International career
- 2003–2005: Northern Ireland U21 / 6 / (1)
- 2006–2007: Northern Ireland / 4 / (0)

= Seán Webb =

Northern Irish footballer (born 1983)

Seán Michael Webb (born 4 January 1983 in Coalisland, County Tyrone) is a Northern Irish footballer.

==Career==

===Club career===
Webb began his career with Dungannon Swifts, where he came through the youth team and debuted at 16 years old in December 1999. In September 2000, he moved to Scottish Football League club Ross County, where he initially joined the Under-19 team. He made his first team debut in August 2001 in a 2–0 win at Dumbarton. He went on to make 49 league appearances, scoring one goal before signing for St Johnstone in June 2004, and made nineteen league appearances for the Saints, before moving back to Ross County in 2005, where he stayed until 2007, making a further 35 league appearances, and again scoring one goal. On 31 August 2007, he signed for English Football League Two club Accrington Stanley, initially on a four-month loan deal, which was extended to a full-season permanent deal. He made league appearances in one season and was released at the end of the 2007–08 season. In 2008, he signed for Icelandic club Þór Akureyri.

On 23 October 2008, Webb signed for Conference North club Fleetwood Town. He made his debut two days later as a second-half substitute in the FA Cup fourth qualifying round as Fleetwood beat Nantwich Town 4–3 to reach the First round proper. Webb came on after 57 minutes, replacing John Hills. However, that was to be his only appearance for the club, and on 14 November 2008, he was released.

Webb signed for Shamrock Rovers on 25 February 2009 . He played in the opening game in Tallaght Stadium before being released in the summer.

In April 2012, Webb signed for Nairn County F.C. .

===International career===
Webb has been capped at Under-18, Under-19, Under-21 and senior levels by Northern Ireland.

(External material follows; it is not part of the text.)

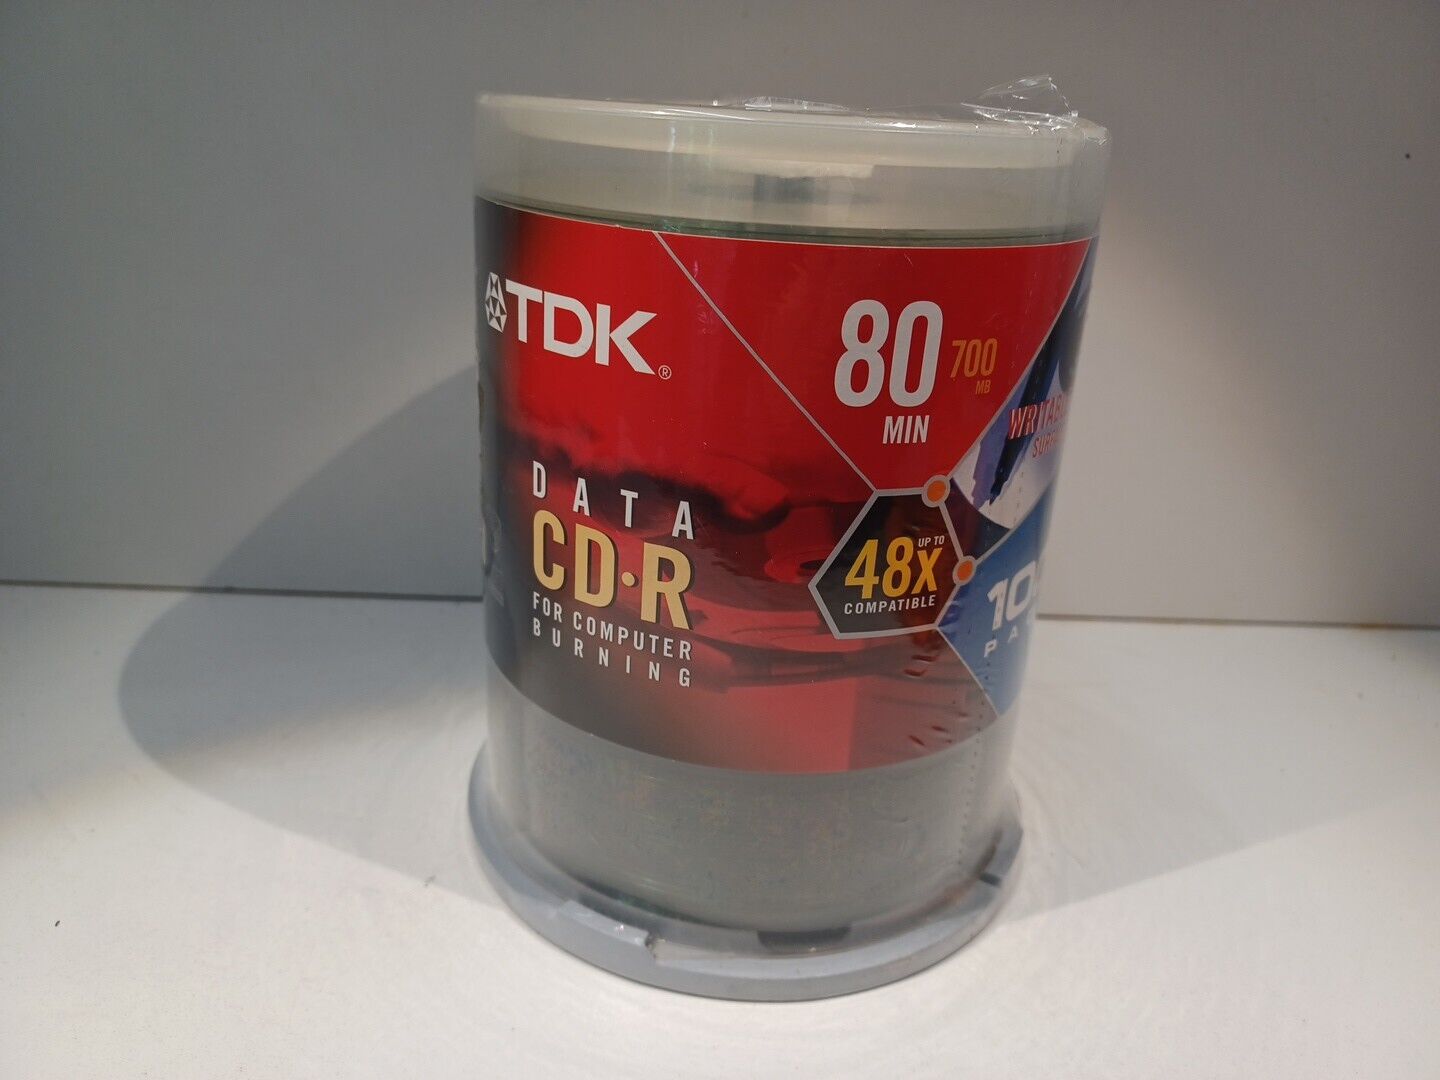 TDK Data CD-R 48X 80min 700MB 100 Pack New Sealed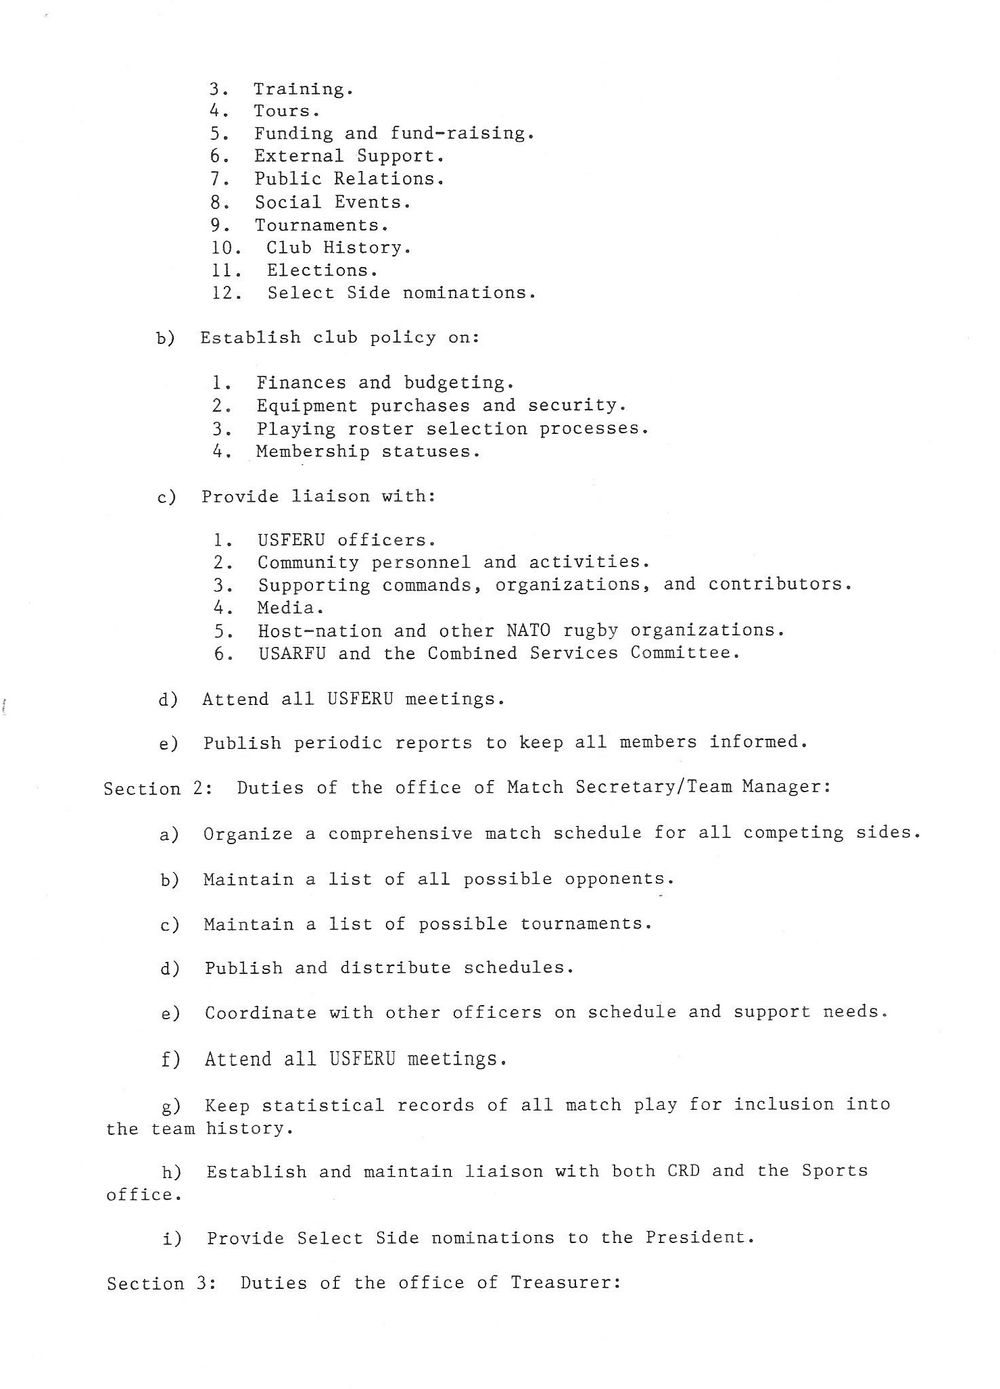 1989 Baumholder constitution 4.jpg

He made his full international debut during Northern Ireland's tour of the United States in May 2006. He played the final eight minutes in a 1–0 defeat to Uruguay and featured against Romania on the same tour. He added two caps with substitute appearances against Wales and Sweden in 2007 spring. On 14 July 2007, he appeared for a Northern Ireland Select against Everton in a match to celebrate the 25th Anniversary of the Milk Cup. Although Webb's last international call-up was in early 2008, he has not been capped since 2007 when he appeared as a substitute against Sweden.